I’m currently working on a script that parses Suricata EVE log files and try to detect if some fields in the log are present in a list of bad patterns. So the script has two parts which are reading the log file and searching for the string in a list of strings. This list can be big with a target of around 20000 strings.
Note: This post may seem trivial for real Python developers but as I did not manage to find any documentation on this here is this blog post.
The testsFor my test I have used a 653Mo log file containing 896077 lines. Reading this JSON formatted file is taking 5.0s. As my list of strings was around 3000 elements so far below targeted size, a thumb rules was saying that I will be ok if script stayed below 6 seconds with the matching added. First test was a simple Python style inclusion test with the hostname being put in a list:
if event['http']['hostname'] in hostname_list:For that test, the result was 9.5s so not awful but a bit over my expectation. Just to check I have run a test with a C-like implementation:
for elt in hostname_list: if elt == target: # we have a winnerResult was a nice surprise, … for Python, with a execution time of 20.20s.
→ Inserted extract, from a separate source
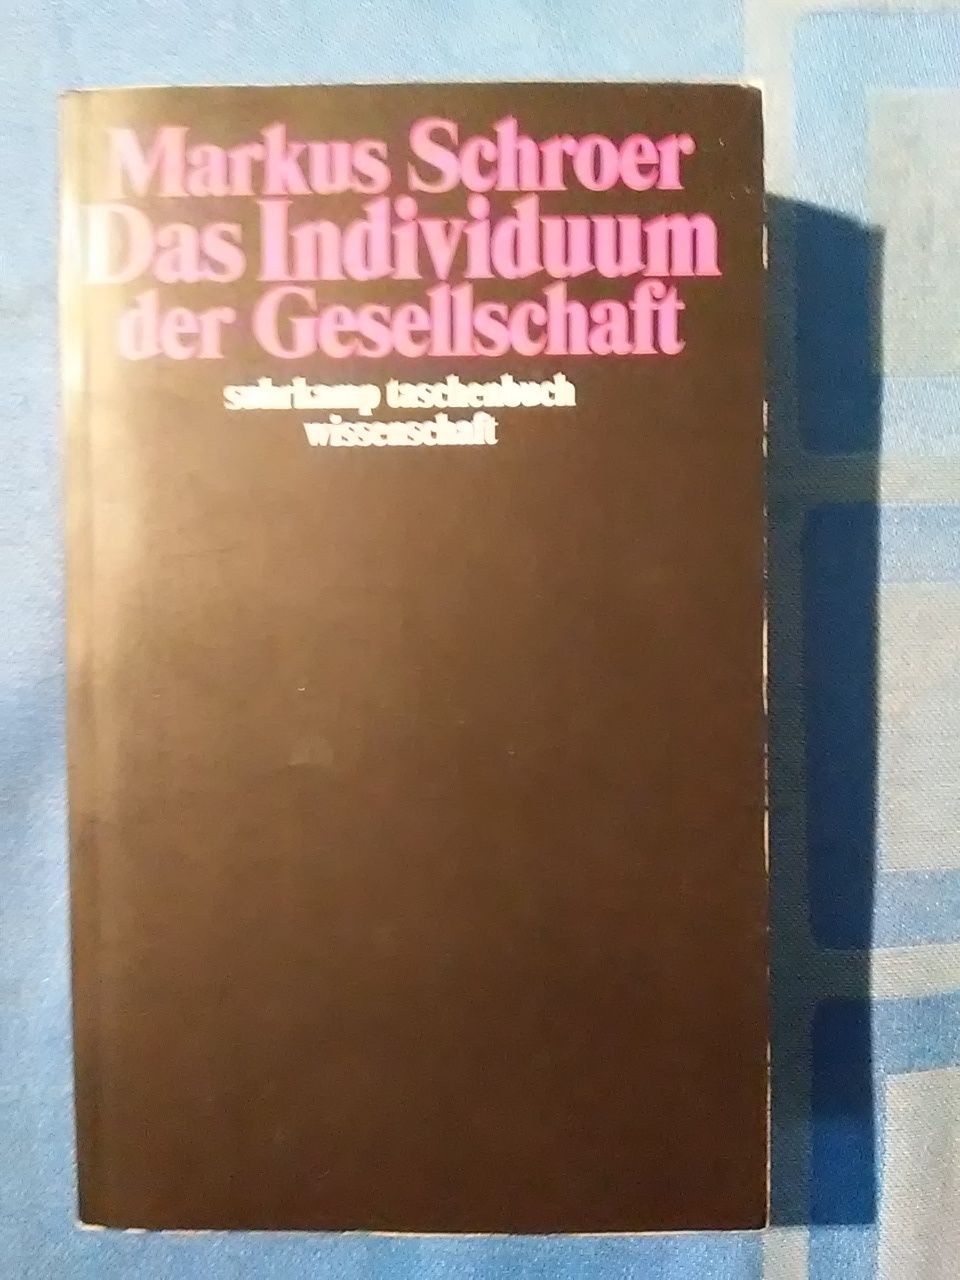 Das Individuum der Gesellschaft : synchrone und diachrone Theorieperspektiven. Suhrkamp-Taschenbuch Wissenschaft ; 1509 - Schroer, Markus.

I was beginning to fear some development to be able to reach the speed I needed and I gave a last try. As I was taking care of match, I can transform my list of strings in a Python set thus only getting unique elements. So I have run the test using:
if event['http']['hostname'] in set(hostname_list):
Result was an amazing execution time of 5.20s. Only 0.20s were used to check data against my set of strings.
Python set required elements to be hashable. It is needed because internal implementation is using dictionary. So looking for an element in a set is equivalent to look for an element in a hash table. And this is really faster than searching in a list where there is no real magic possible.
So if you only care about match and if your elements are hashable then use Python set to test for existence of a object in your set.